Beta software. Revenant has been in daily use on a handful of systems for several weeks without an incident, and is no longer "early development". That said, it is a tool that renames live subvolumes and rewrites ESP contents — bugs at this stage can still leave a system unbootable or destroy data. Treat it as beta software on a production system and always keep an independent backup. If you would rather not take that risk, run revenant in a VM until tagged releases stabilise the on-disk layout and the public APIs.

revenant

A system snapshot tool for Linux, written in Rust. Inspired by Timeshift, but focused on CoW filesystems with systemd-boot integration and the EFI partition snapshotted alongside the rootfs.

Motivation

Timeshift works, but it comes with opinions: it assumes GRUB, it ignores your EFI partition, it expects Ubuntu-style subvolume layouts. If your system uses systemd-boot, a non-standard Btrfs layout, and you actually want your bootloader files to be part of the snapshot, Timeshift leaves you on your own.

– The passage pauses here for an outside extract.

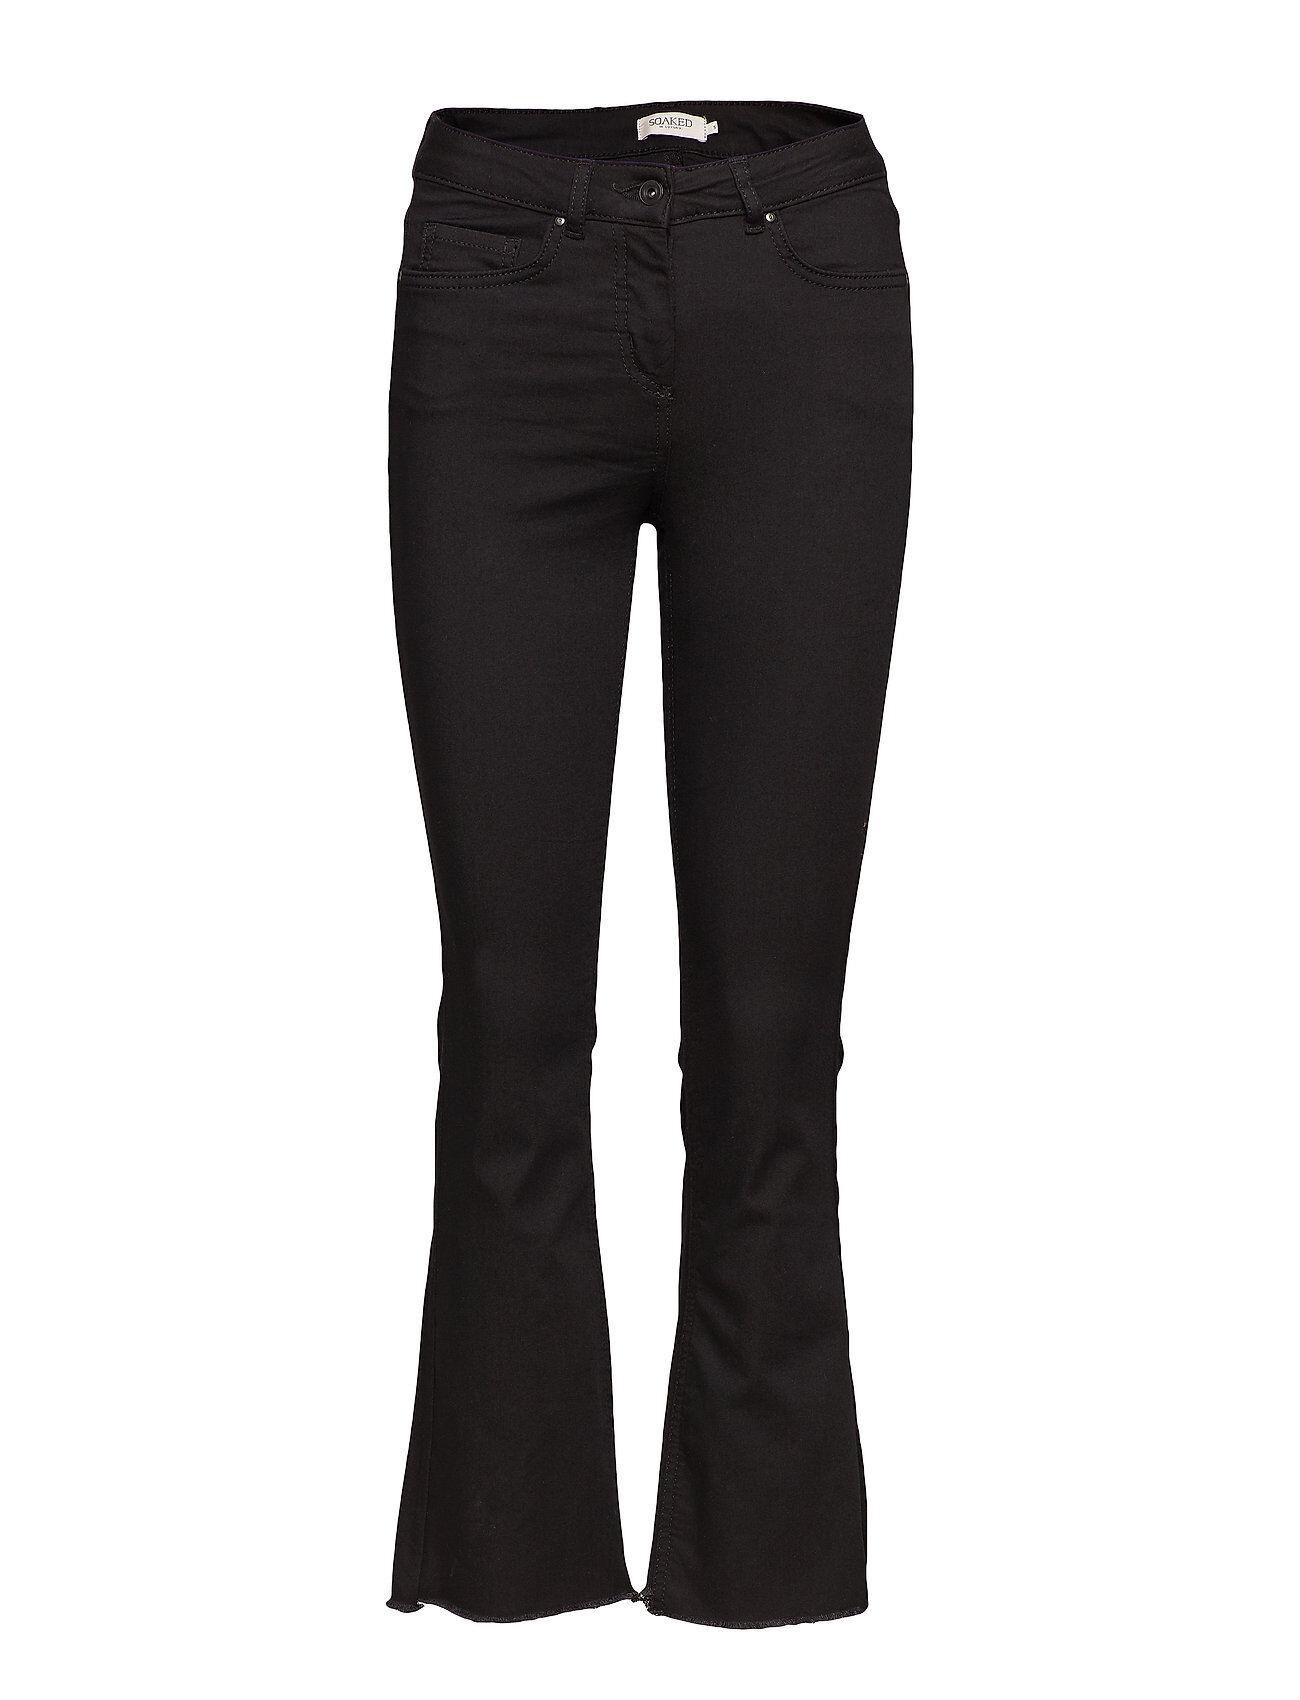 Soaked in Luxury Sx Britney Jeans Leveälahkeiset Farkut Musta Soaked In Luxury

Revenant was built to fill that gap. It works with any bootloader, but the EFI backup is most valuable with systemd-boot, where kernel images and boot entries live on the ESP. GRUB-based setups typically keep kernels in /boot on the root filesystem (already covered by the btrfs snapshot), so the EFI sync adds little there — but revenant's core snapshot and restore functionality works just the same.

An EFI partition is not required. On BIOS systems, or any setup where /boot is a directory inside the rootfs, set sys.efi.enabled = false in the config and revenant operates as a pure rootfs snapshot tool. revenantctl init detects this automatically.

How it compares

Only the rows where the three tools actually differ — all of them can take snapshots, apply retention, and restore, so those are omitted. Third-party add-ons like grub-btrfs, snap-pac, btrfs-assistant or snapper-gui are deliberately not counted toward Timeshift or snapper, because they are not part of the respective upstream projects.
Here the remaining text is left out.